» **Extracted material**:
=====
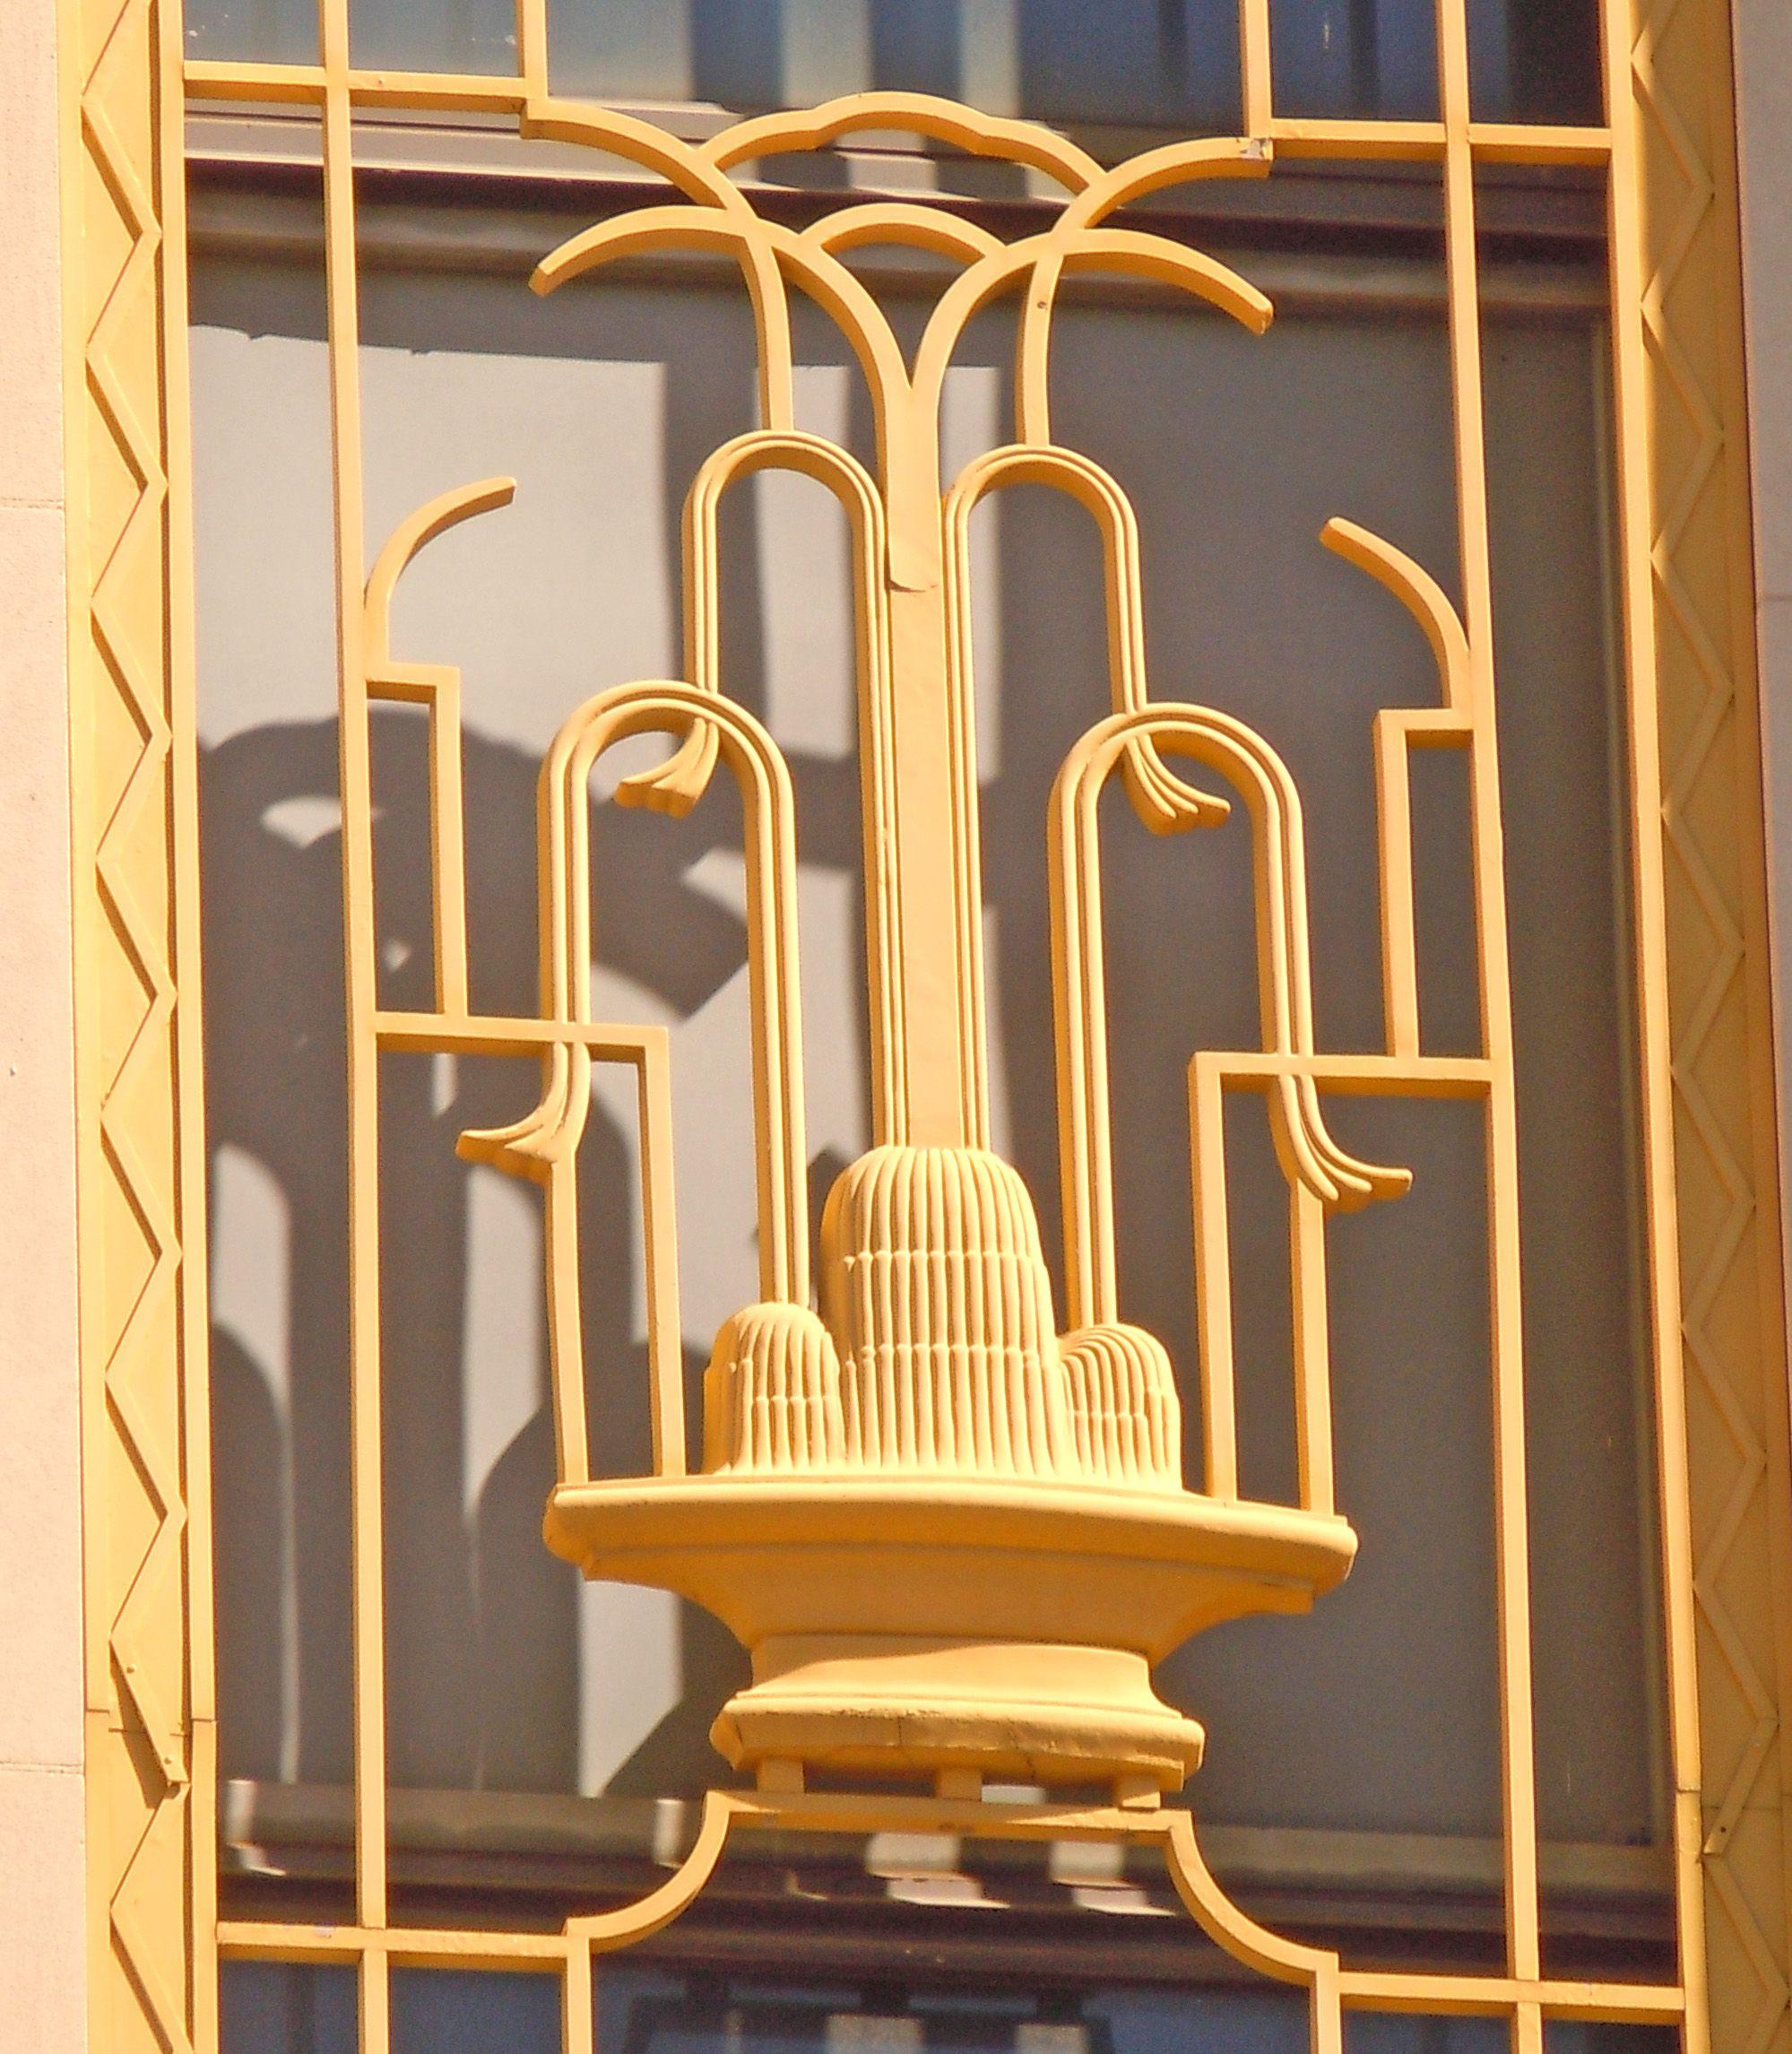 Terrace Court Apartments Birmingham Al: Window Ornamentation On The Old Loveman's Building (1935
=====
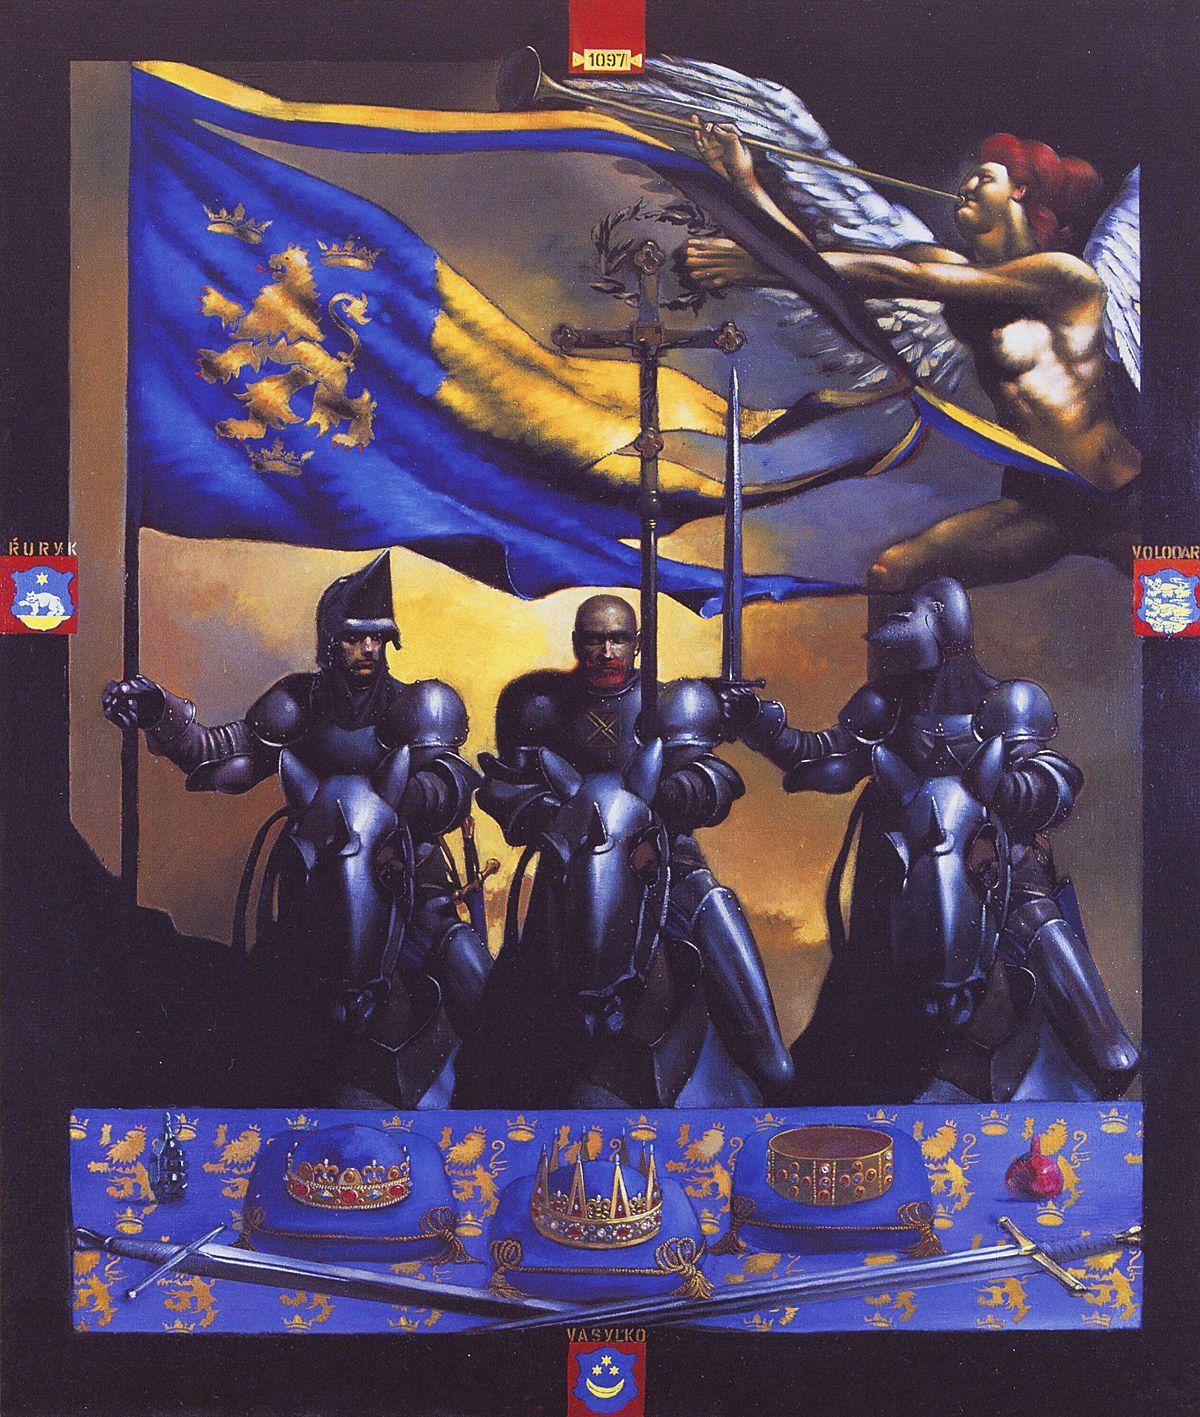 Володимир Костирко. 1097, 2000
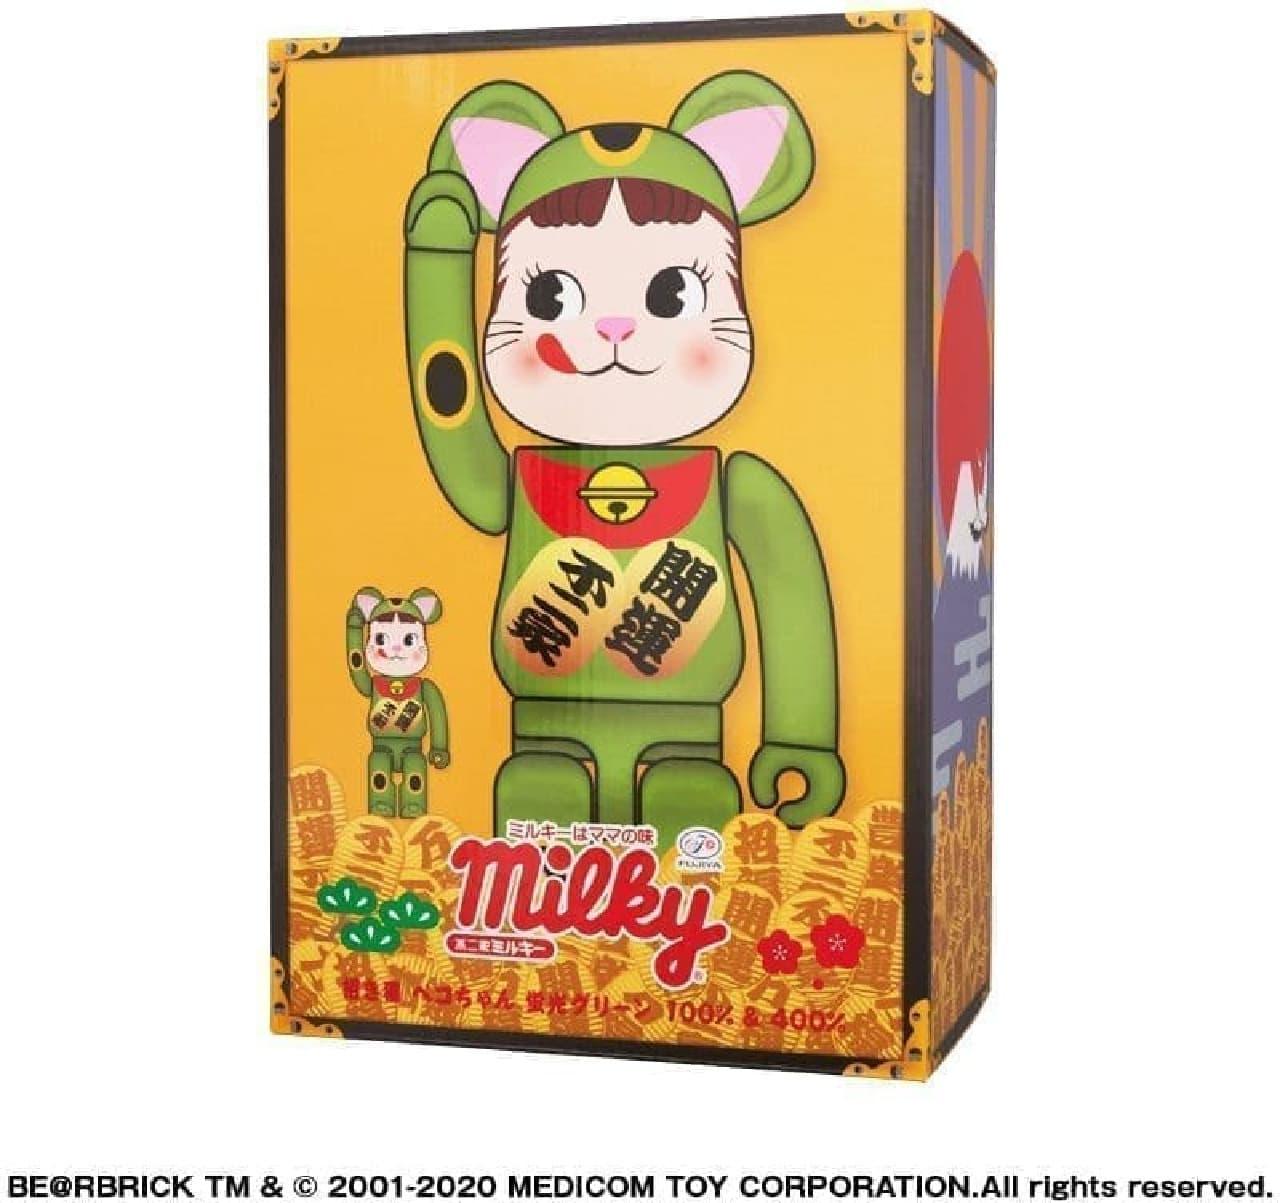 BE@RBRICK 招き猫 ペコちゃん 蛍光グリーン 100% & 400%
=====
» **Work request**: Find the line with "Володимир Костирко. 1097, 2000" in the data above, and from there retype each line exactly through the line with "BE@RBRICK 招き猫 ペコちゃん 蛍光グリーン 100% & 400%", skipping the pictures along the way.

» **Output of the task**:
 Володимир Костирко. 1097, 2000
 BE@RBRICK 招き猫 ペコちゃん 蛍光グリーン 100% & 400%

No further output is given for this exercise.